The server 100 may calculate an accumulated probability for each of the plurality of candidate token sequences according to a predetermined calculation method (S820). The accumulated probability of a token sequence may be the cumulative product of the generation probabilities of subsequent tokens newly added at each step. For example, if in a token sequence ([ν1, ν2, ν3]) each token has a generation probability of 0.9, 0.8, and 0.1, respectively, the accumulated probability of that token sequence may be 0.072 (=0.9*0.8*0.1).

If a candidate token sequence is determined to include a boosting keyword, the server 100 may increase the accumulated probability. For example, if, in the candidate token sequence ([ν1, ν2, ν3]), the sub-token sequence [ν2, ν3] corresponds to a boosting keyword, the server 100 may increase the accumulated probability of the candidate token sequence. The increase of the accumulated probability may be performed by adding a predetermined positive weight to the accumulated probability or multiplying the accumulated probability by a real number greater than 1, among other methods.

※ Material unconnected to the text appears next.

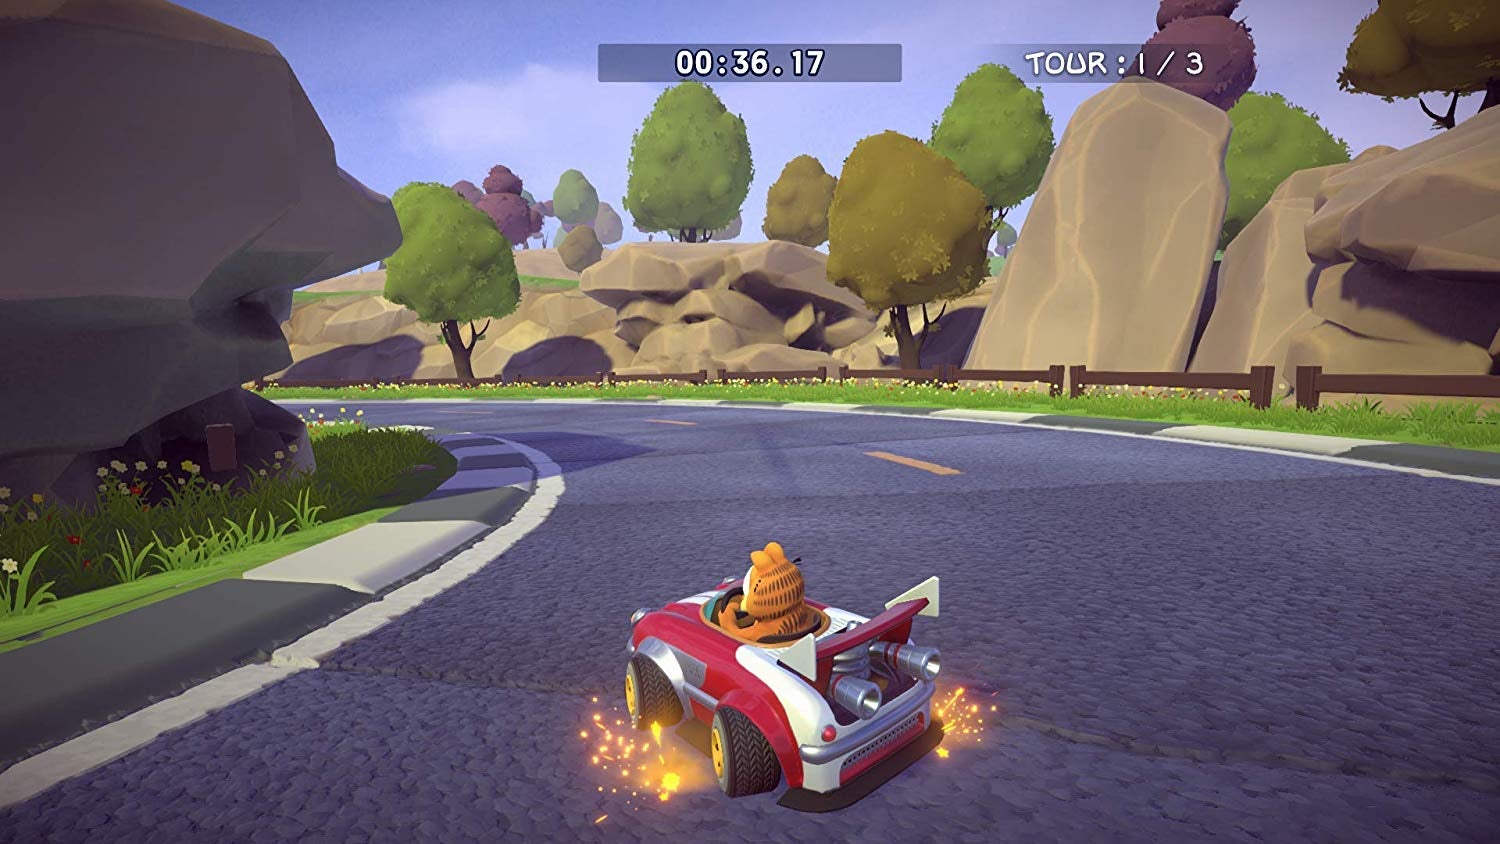 I Wish To Inform You That Another Garfield Kart Has Been Made

If a candidate token sequence is determined to include a suppressing keyword, the server 100 may decrease the accumulated probability. For example, if, in the candidate token sequence ([ν1, ν2, ν3]), the sub-token sequence [ν2, ν3] corresponds to a suppressing keyword, the server 100 may decrease the accumulated probability of the candidate token sequence. The decrease of the accumulated probability may be performed by adding a predetermined negative weight to the accumulated probability or multiplying the accumulated probability by a real number less than 1, among other methods.

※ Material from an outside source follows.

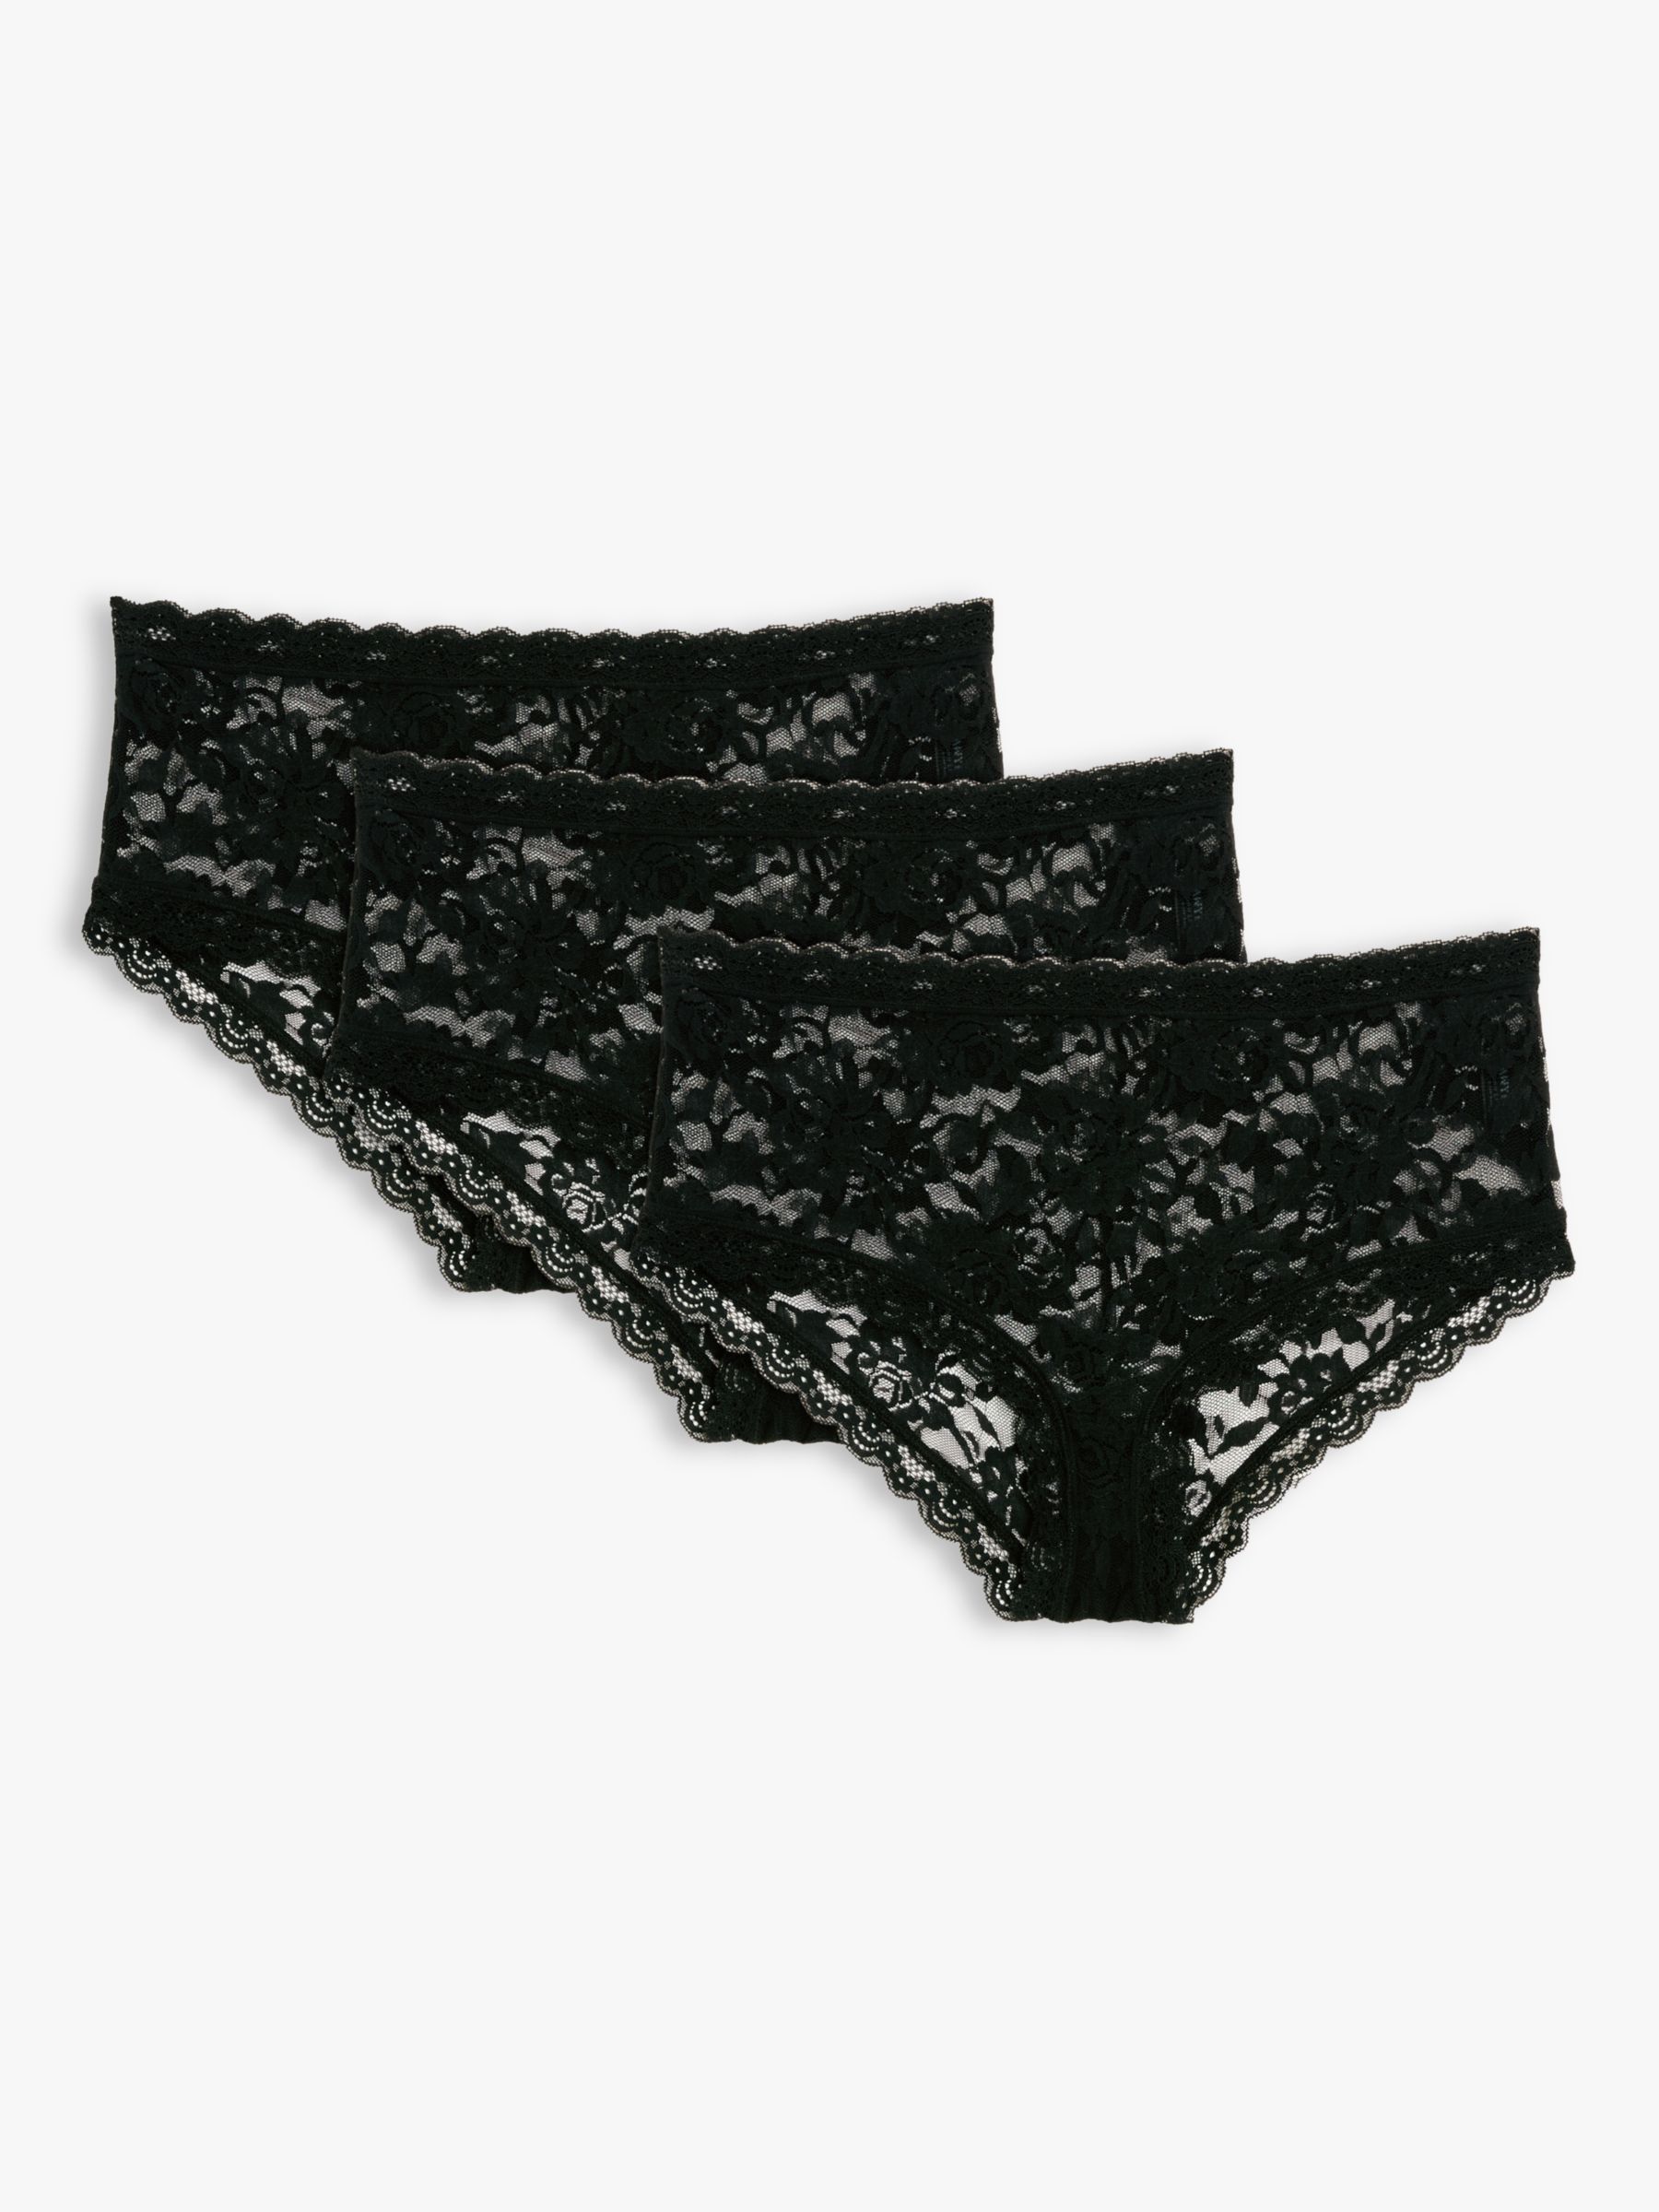 John Lewis ANYDAY Helenca Lace Short Knickers, Pack of 3, Black, 8

Based on the accumulated probability for each of the plurality of candidate token sequences, the server 100 may determine N token sequences of length t+1 among the plurality of candidate token sequences (S830). That is, if the server 100 generates M subsequent tokens in descending order of generation probability for each token sequence at each step, the server 100 may determine N token sequences in descending order of accumulated probability among the total N*M candidate token sequences at each step.

Because the server 100 according to the third example generates a sentence by considering N token sequences at each step, the server 100 may solve the problem of the greedy algorithm, which generates sentences with a single output. Further, the server 100 may generate sentences that include more boosting keywords and fewer suppressing keywords more efficiently by adjusting the accumulated probability using a keyword trie generated based on the boosting keyword set or the suppressing keyword set.

In the flowcharts or flow diagrams according to the content disclosed in the present specification, although each step of the method or algorithm is described in sequential order, the steps may be performed in any combination of orders, including being performed sequentially, or the steps may be performed in various orders. The description of the flowcharts or flow diagrams in the present specification does not exclude making changes or modifications to the method or algorithm, and does not imply that any of the steps are essential or desirable. In some implementations, at least some of the steps may be performed in parallel, in a repeated manner, or heuristically. In some implementations, at least some of the steps may be omitted, or other steps may be added.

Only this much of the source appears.